IIEE yields from carbon velvet and graphite for xenon ions incident normal to the samples at 500–2000 eV. Measurements of graphite from Ref. 32 are plotted for comparison.

Close modal

Also plotted in Fig. 3 is the IIEE yield from carbon velvet. Figure 3 shows a 60%–85% reduction in the IIEE from carbon velvet compared to “smooth” graphite. Similar reductions in the SEE yield have been observed for metallic surfaces with nm to mm-sized engineered and plasma-generated morphology, including fibers.3,5,11–14 For example, Jin et al.5 measured a 35% reduction in SEE (i.e., from a total SEE yield of ∼0.89 to 0.57) for carbon velvet with Dfiber = 3 mm, aspect ratio A=2Lfiber/Dfiber = 860, and packing density= 87% due to electrons incident at 300 eV and 0°. Since the SEE yield is relatively flat above 200 eV,3,5,9 it may be assumed that a nearly 35% reduction in SEE also occurs for 500 eV incident electrons. Analytical10 and Monte Carlo8–10,15,16 modeling of fibrous surfaces have confirmed that the reduction in SEE is due to trapping of emitted electrons (mostly true secondary electrons with a cosine angular distribution), especially for high aspect-ratio fibers.

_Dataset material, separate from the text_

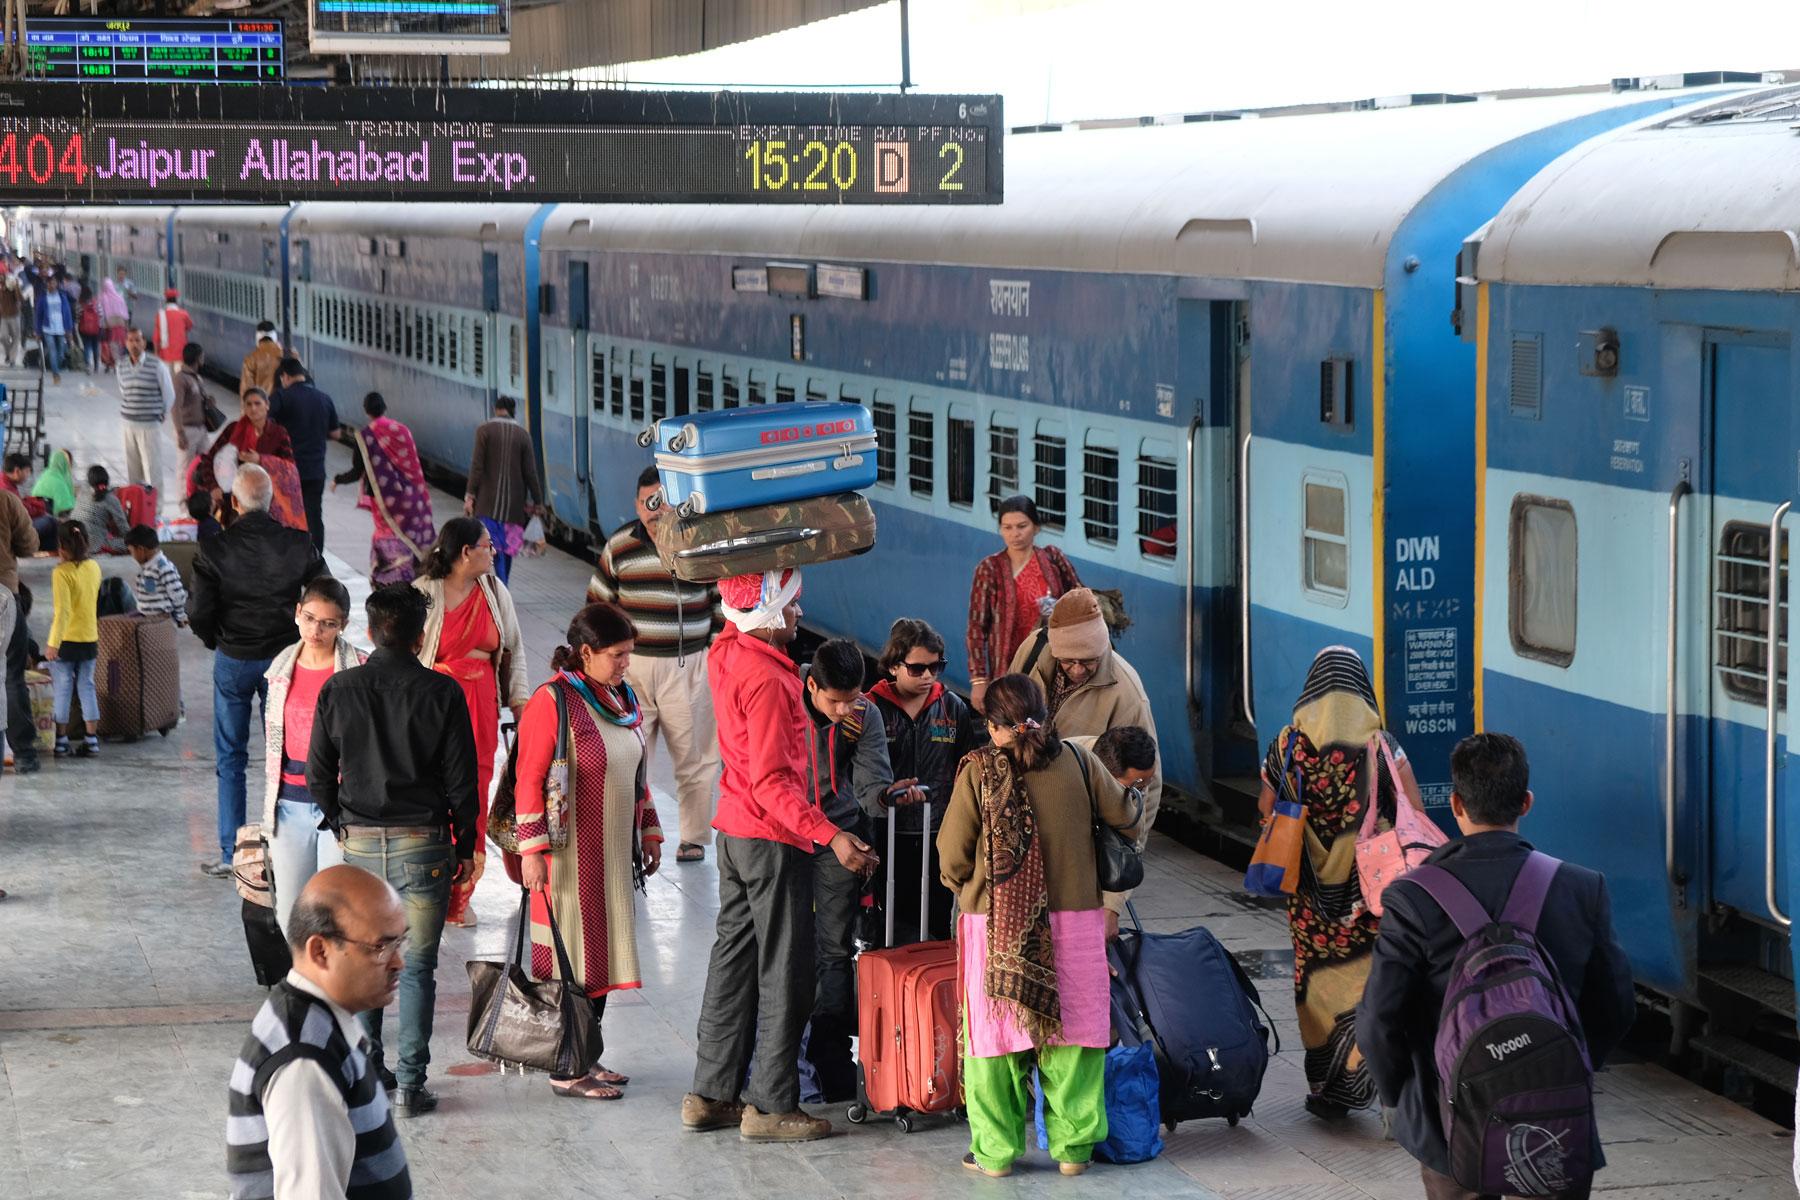 Menschen und ein Zug im Bahnhof von Jaipur.
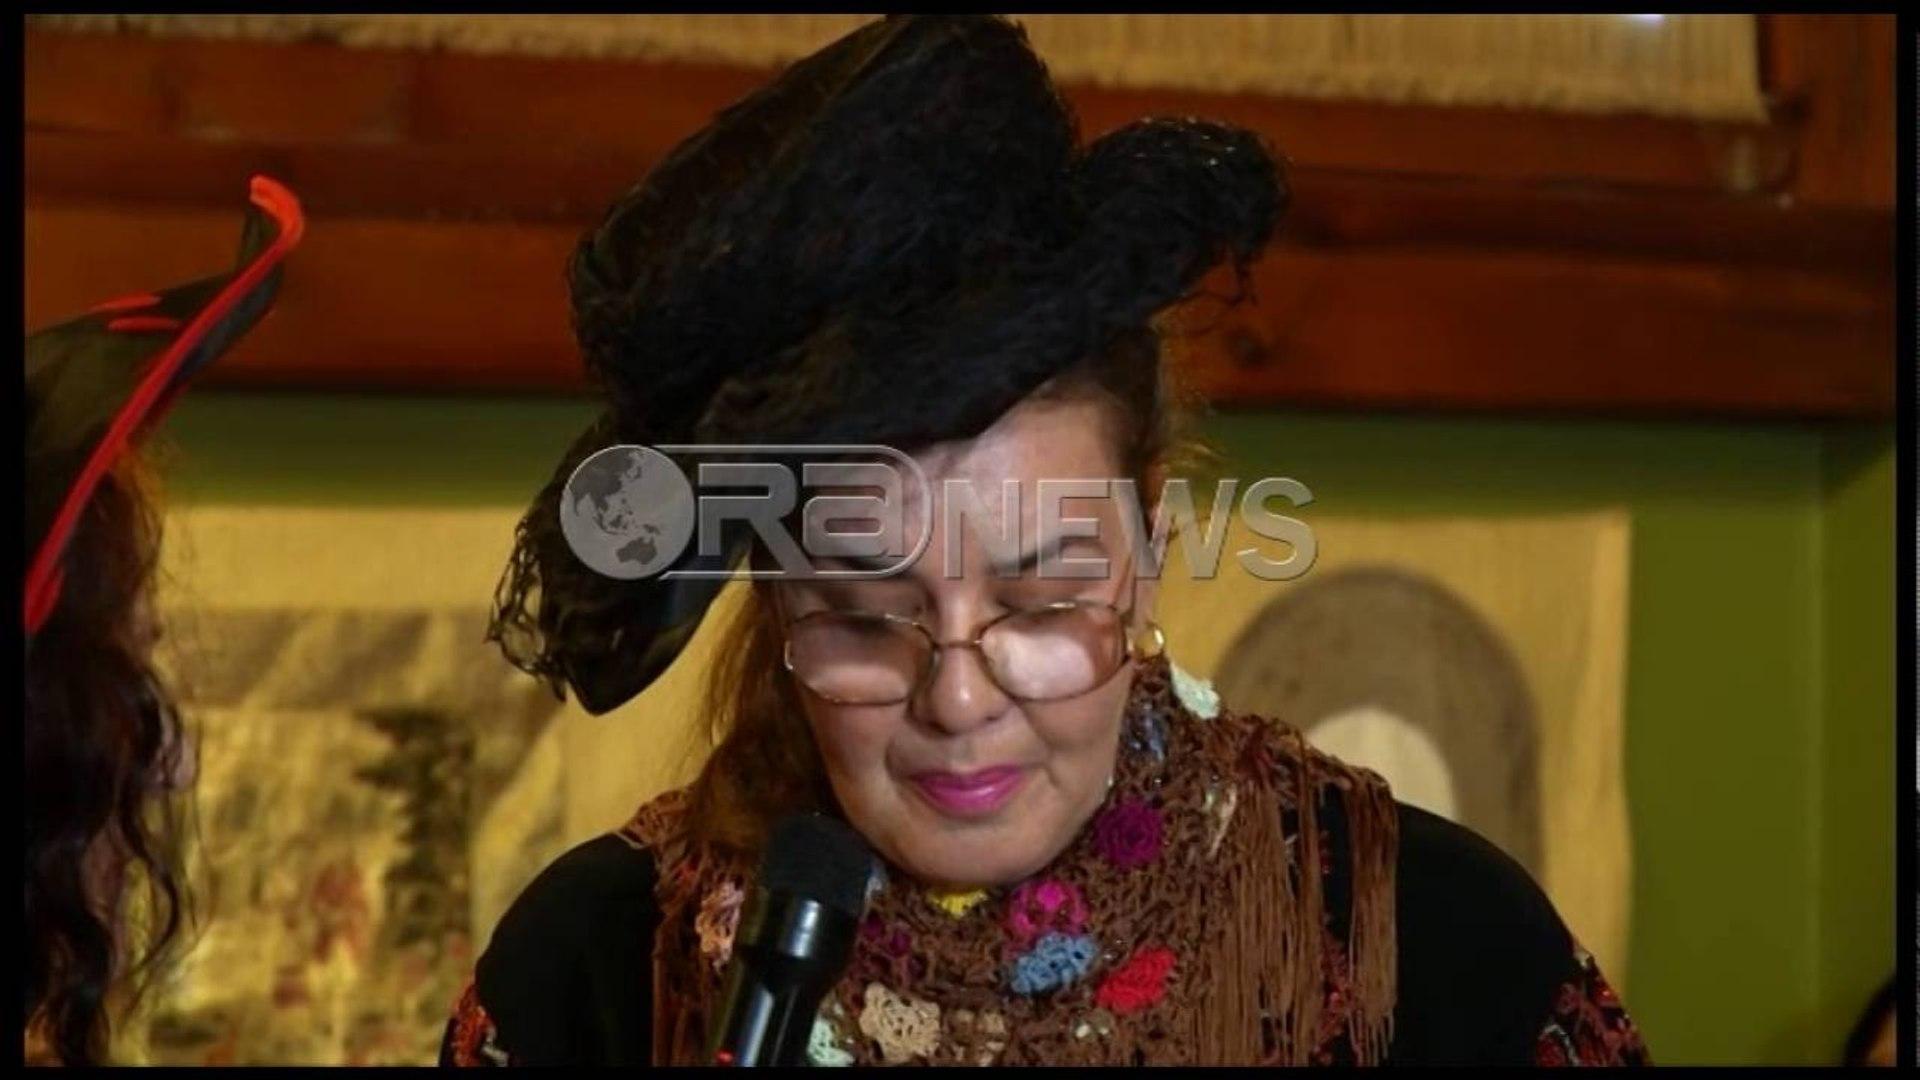 Ora News – Rikthimi në skenë i aktores Matilda Makoçi: Vendim i vështirë

Likewise, trapping of low energy emitted electrons generated by high energy ions is almost certainly responsible for the reduction in IIEE observed for carbon velvet in this work. For the carbon velvet considered herein, the fiber aspect ratio A=2Lfiber/Dfiber = 760 and the packing density ∼80%, very similar to the carbon velvet used by Jin et al. However, an 80% reduction was observed here for 500 eV xenon ions and only a 35% reduction from the study by Jin et al. for 500 eV electrons. The smaller reduction for incident electrons may be due to the fact that elastically and inelastically reflected primary electrons are considered by Jin et al. (in addition to true secondary electrons generated by ionization and excitation of atoms), and these reflected primary electrons are preferentially emitted from the material with angles near 0° for normal incidence. Thus, the reflected primary electrons are likely not effectively trapped but instead may escape the velvet material.

For materials with ordered vertical fibers such as carbon velvet, the SEE has been calculated8–10 and measured5 to increase with the incident angle. Since kinetic IIEE seems dominant at the energies considered herein and since kinetic IIEE occurs via a similar mechanism to SEE, an increase in IIEE with the ion incident angle may be expected for carbon velvet. The increase would be due to electron-generating collisions in the near-surface region along the walls of the fibers. Note that penetration depths of 2000 eV ions in carbon are on the order of a few nanometers. Therefore, negligible ions are able to transverse and re-emerge from a single fiber.

This work presents measurements of the IIEE from micro-engineered carbon velvet due to incident xenon ions at 500–2000 eV. Carbon velvet was found to reduce IIEE by 60%–85% when compared to graphite. The reduction in IIEE is larger than the reduction in SEE from a similar carbon velvet material. The substantial reduction in IIEE has important implications for many materials exposed to high energy ions. Although xenon ions were utilized in this study, similar reductions in IIEE are expected from textured surfaces for other incident ion species.

The authors would like to give their sincerest thanks to Lee Johnson of the Jet Propulsion Laboratory for much technical assistance with the ion beam facility, for many fruitful discussions on electron emission, and for providing the carbon velvet materials. This work was supported by AFOSR Award No. FA9550-14-10317 (UCLA Subaward No. 60796566-114411), the California Space Grant Consortium, and the UCLA Dissertation Year Fellowship.